- Born: Norman Ross Adler 13 December 1944 Melbourne, Victoria, Australia
- Died: 30 July 2025 (aged 80)
- Education: University of Melbourne Columbia University University of Adelaide
- Occupation: Business executive
- Office: CEO, Santos (1986–2000); Director, Commonwealth Bank (1990–2004); Director, Telstra (1996–2001); Chairman, Austrade (2001–2006); Deputy Chancellor, University of Adelaide (2007–2009) Chairman, Art Gallery of South Australia (1990–2000);
- Awards: Companion of the Order of Australia

= Ross Adler =

Australian business executive and director (1944–2025)
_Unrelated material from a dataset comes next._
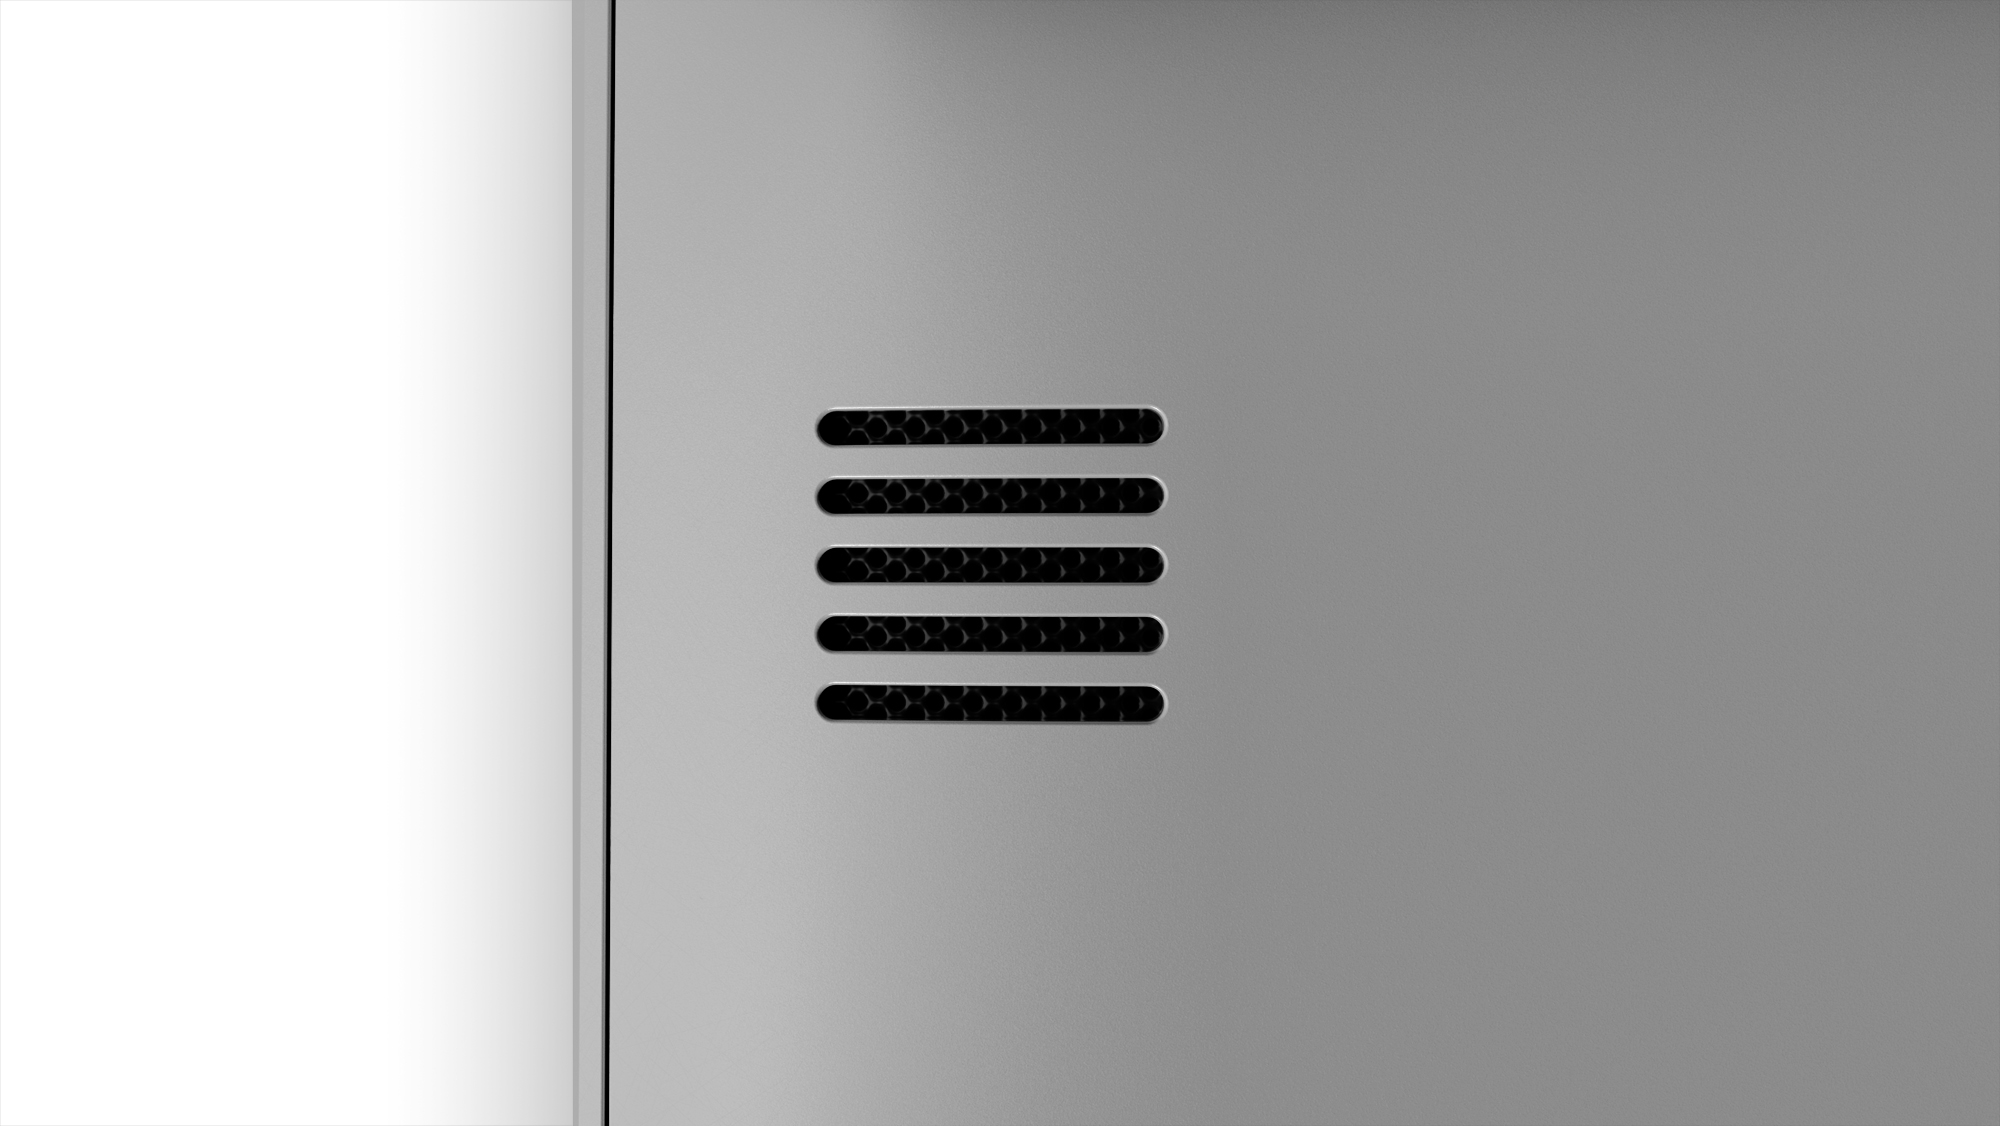 Фото  Ультрабук Lenovo ideapad 320s-13 Mineral Grey (81AK00ESRA)
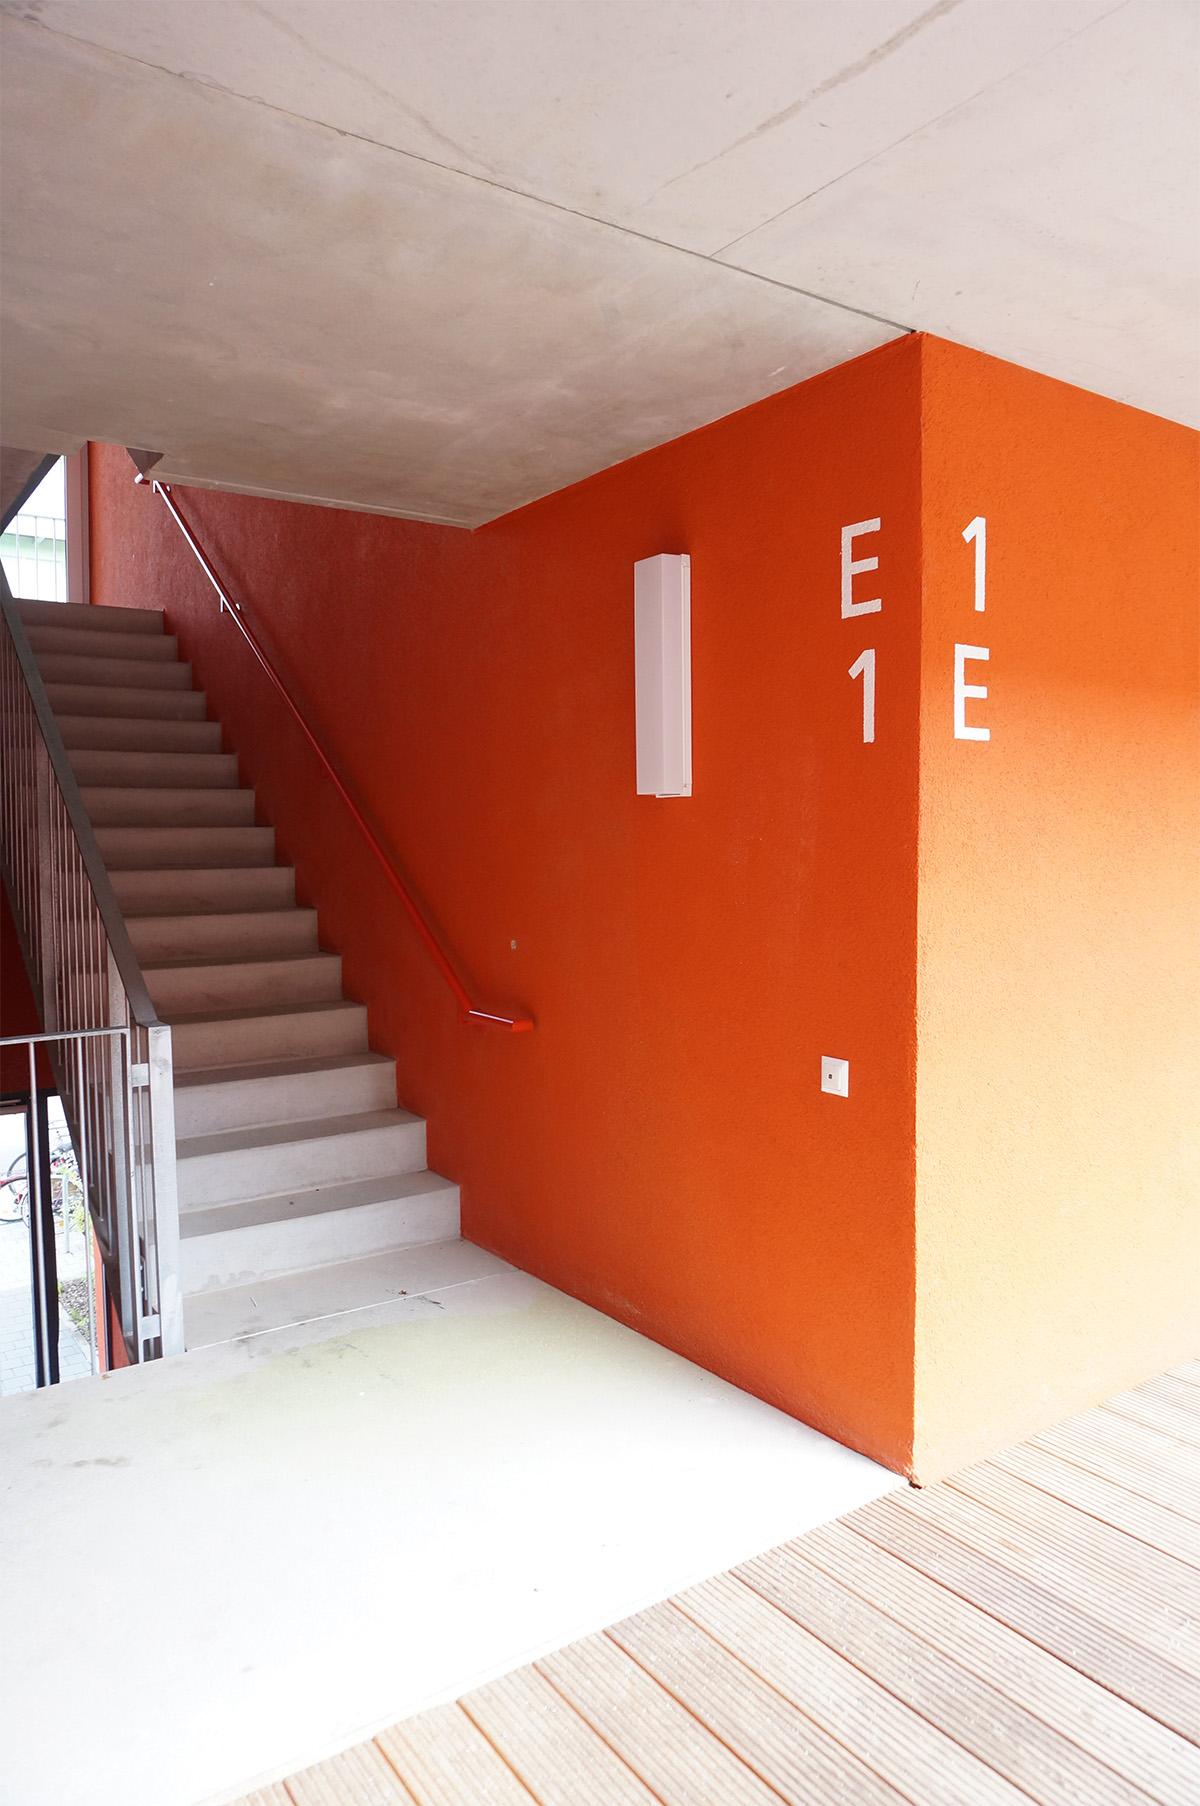 104 kompaktblock mayer ffm architekten. Black Bedroom Furniture Sets. Home Design Ideas

Norman Ross Adler (13 December 1944 – 30 July 2025) was an Australian business executive and managing director of Santos from 1986 to 2000. He also chaired the board of Austrade from 2001 to 2006.

==Background==
Adler was born on 13 December 1944. He went to the University of Melbourne and graduated with Bachelor of Commerce (BCom) in 1966. He received a Master of Business Administration (MBA) from Columbia University and the University of Adelaide.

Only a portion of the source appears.